Dishonesty or merely an incorrect explanation? The decision in Qantas Airways Limited v David Dawson  FWCFB 1712
The Full Bench of the Fair Work Commission has overturned Deputy President Lawrence’s decision handed down last year in which a flight attendant who stole bottles of alcohol and then lied about it, was awarded the maximum compensation available.
Tim Capelin, Partner, and Amrita Howell, Associate discuss the decision and the key take home points for employers.
The decision in this case follows a theme present in a number of recent cases where Tribunal members make wrong decisions influenced by sympathy towards the former employee.
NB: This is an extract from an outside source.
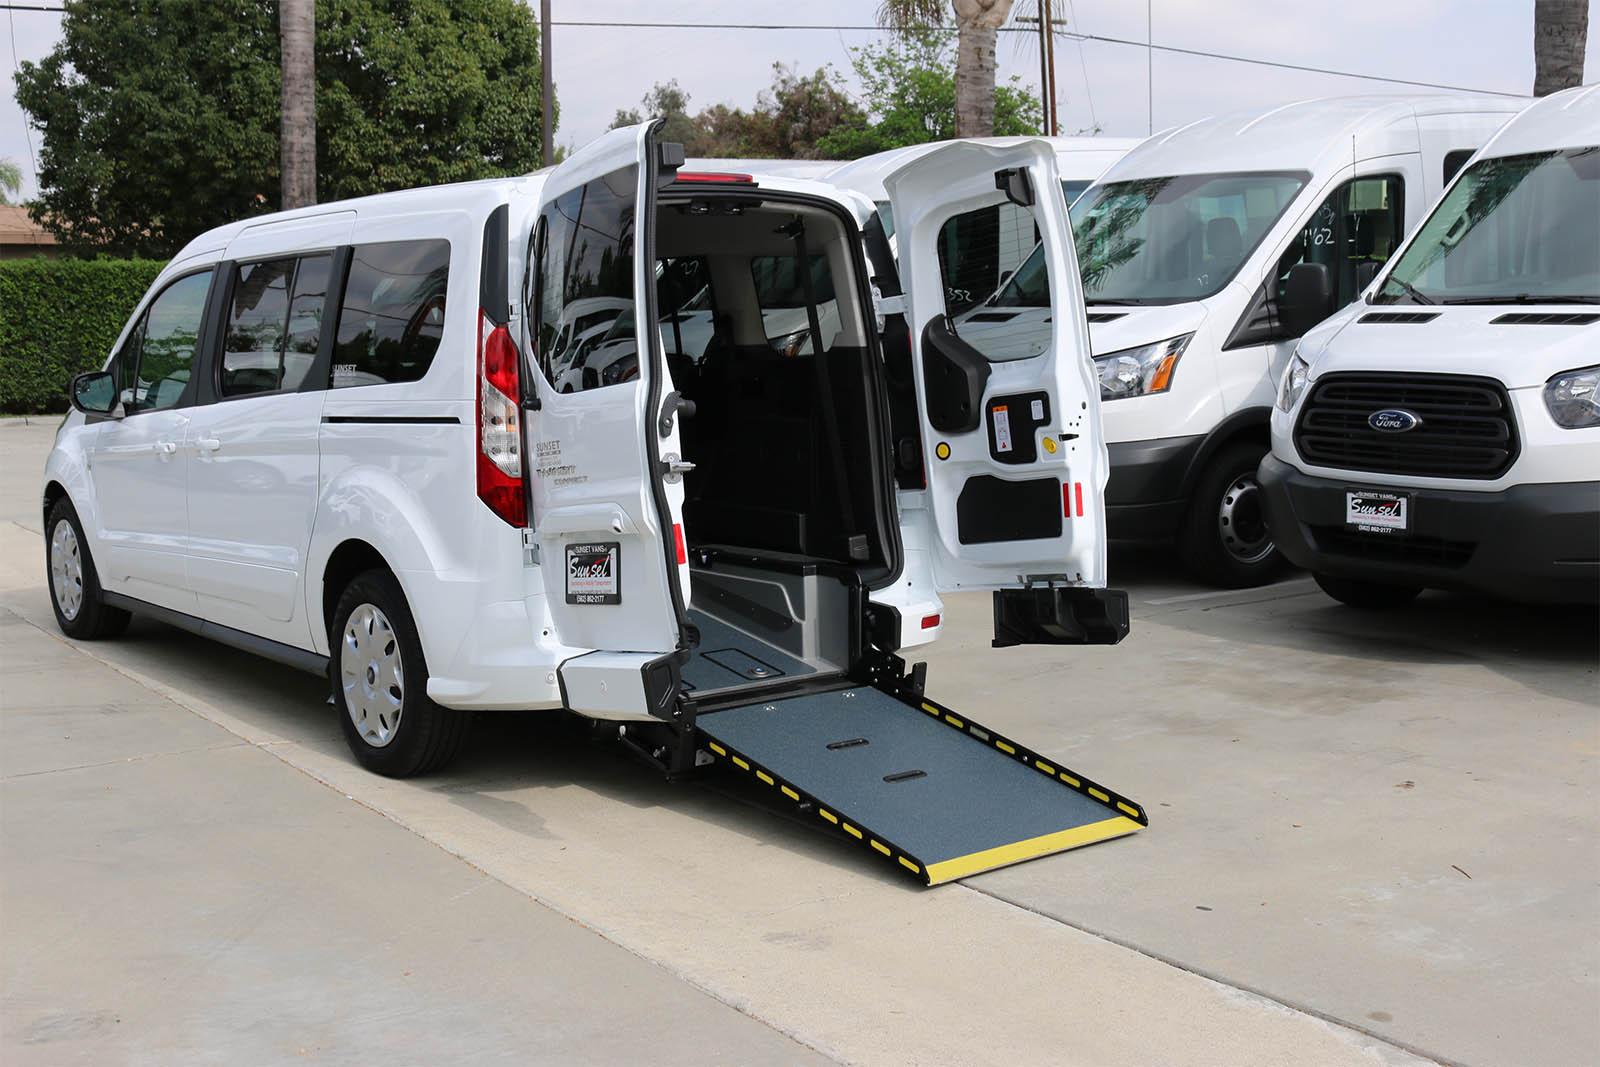 wheelchair van parts rattan swivel chairs and stretcher vans manufacturer for nemt transport

Decision at First Instance
Dawson v Qantas Airways Limited  FWC 8249 concerned the alleged unfair dismissal of Mr Dawson, a flight attendant who was a long standing employee of Qantas for 28 years. Mr Dawson was dismissed for stealing alcohol from a flight from Perth to Sydney and at the time of the dismissal was 50 years of age.
When the flight landed, the crew members were taken into a room and searched. Mr Dawson was found to have one can and one bottle of beer in his jacket, a 50ml bottle of gin in his bag, and two 50 ml bottles of vodka in his pockets.
Following the search, Qantas wrote to Mr Dawson and asked him to respond to the allegations of theft. In his initial response, Mr Dawson said that the beer and the gin were inadvertently pocketed by him as a result of serving passengers, and speculated that the gin may have got into his bag from a hotel mini bar the day before the flight. However, in a later response Mr Dawson admitted to taking the two beers from the ice draw, but continued to assert that the vodka was inadvertently taken. He said he did not know how the gin came to be in his bag.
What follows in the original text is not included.